22nm means twenty-two billionths of a meter, or just under a millionth of an inch. That is the gate length of the CMOS FET's, or transistors in the chip. To simplify things, the gate length is the distance between the two contacts in the logic switches. The lower that distance is, the smaller, faster, and lower the power of the logic switches are and hence, the faster and lower power the processor is. 14nm, or a bit more than one two millionth's of an inch.

Now how this will effect gaming is a whole other question. The subject is very complex and involves quantum mechanics and all, but, basically, making transistors smaller and smaller is getting harder and harder. The cost is rising, and the benefits are shrinking. Way back in the 80's when we went from , say, 2um to 1um (two millionth's of a meter to one millionth's of a meter), the area of the chip was more than halved, and the performance was doubled, at least. Now, because we are hitting the limits, those gates are only a couple dozen atoms long now, weird stuff happens and you no longer get the response you want. One advantage for sure is lower power.

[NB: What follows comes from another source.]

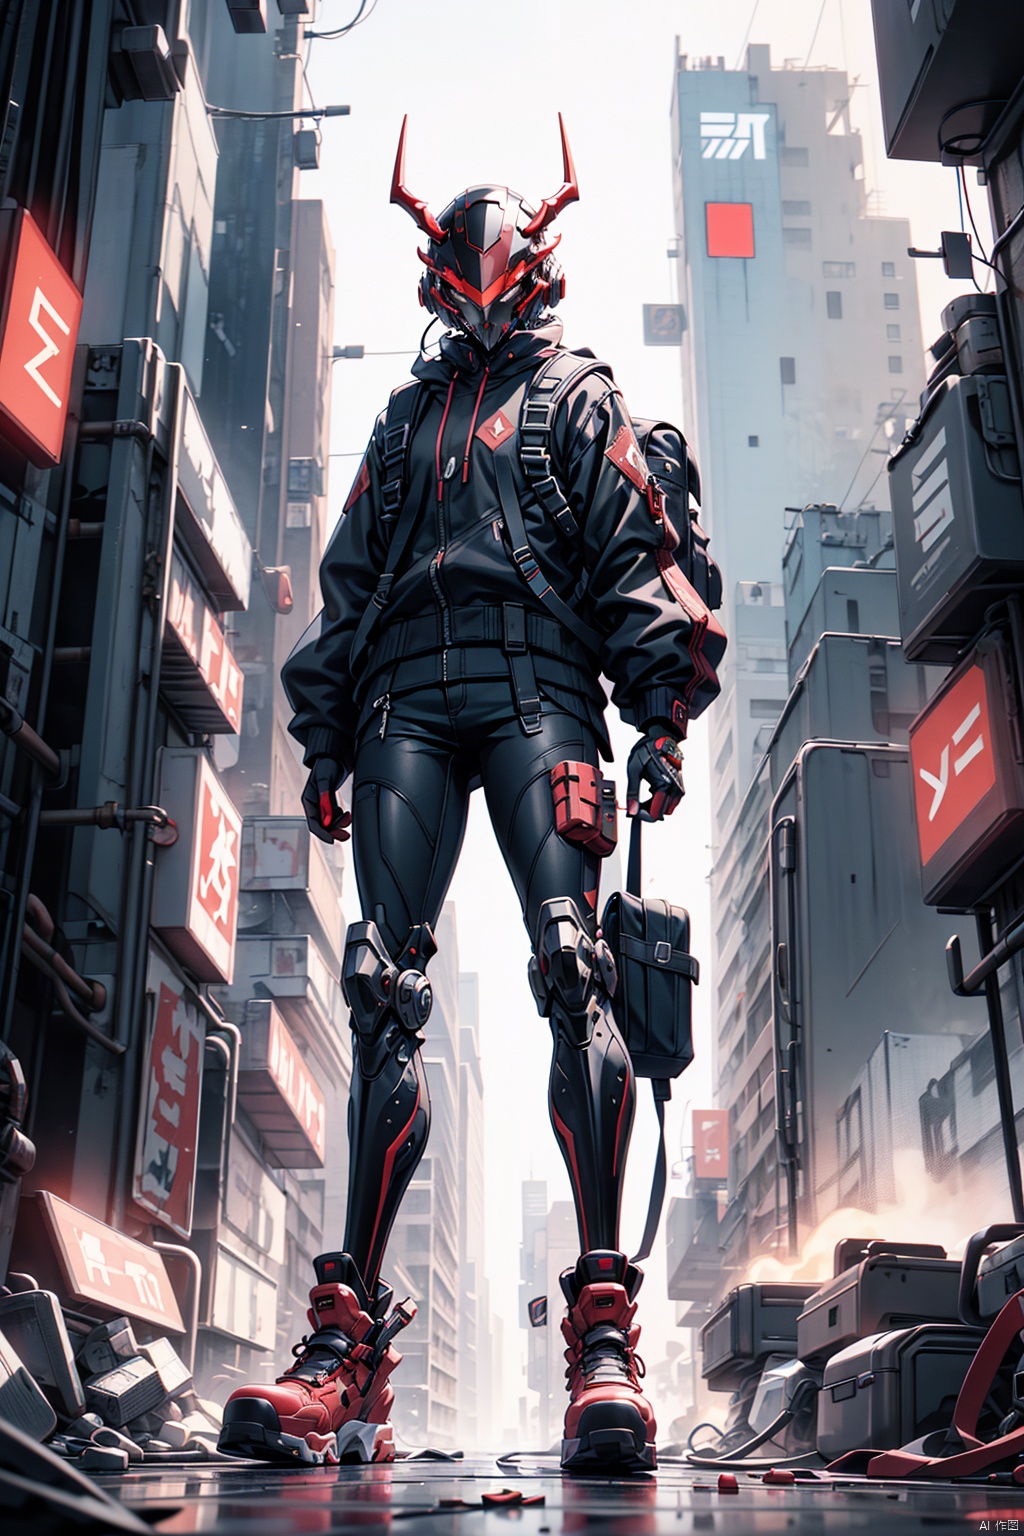 The image portrays a futuristic character adorned in a striking red and black attire. The helmet is equipped with horns and has multiple attachments, while the backpack is large and red with symbols and a large blade. The character's shoes are white with red accents, and the overall design exudes a cyberpunk or dystopian aesthetic
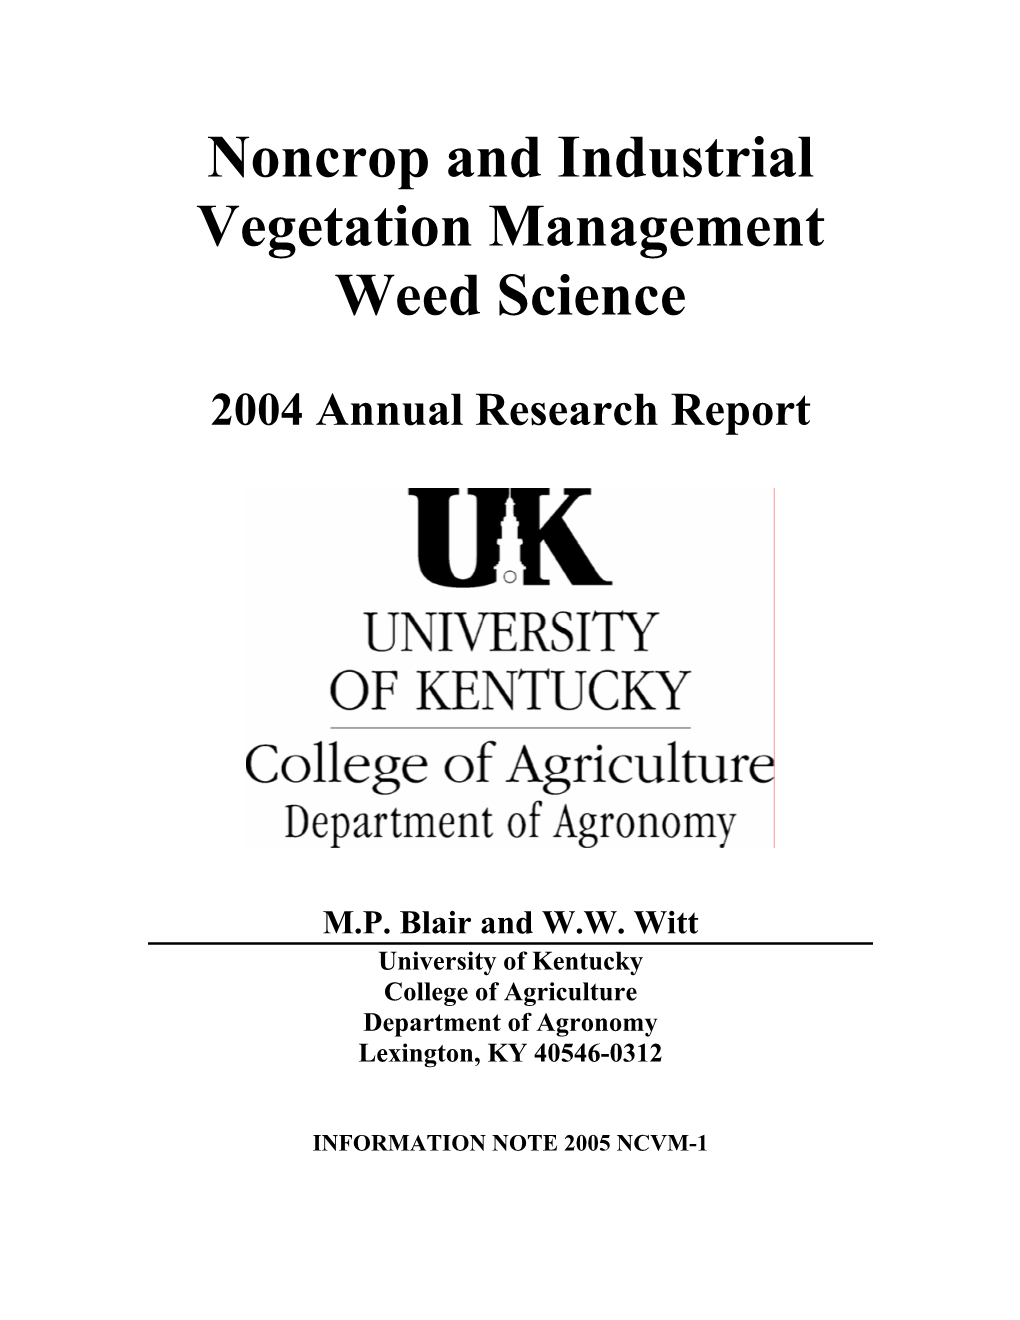 Noncrop and Industrial Vegetation Management Weed Science

To boil this down. 14nm will be lower power and faster, but not a whole lot like the good old days. For most games around now, this extra processor power won't be needed. However, some new games, like Crysis 3, really requires a lot of processor power. So, by the time we see Broadwell, summer2014 or later. Perhaps many games will need extra processing power. Keep in mind though, Intel seems to be going after lower power, rather than greater processing power.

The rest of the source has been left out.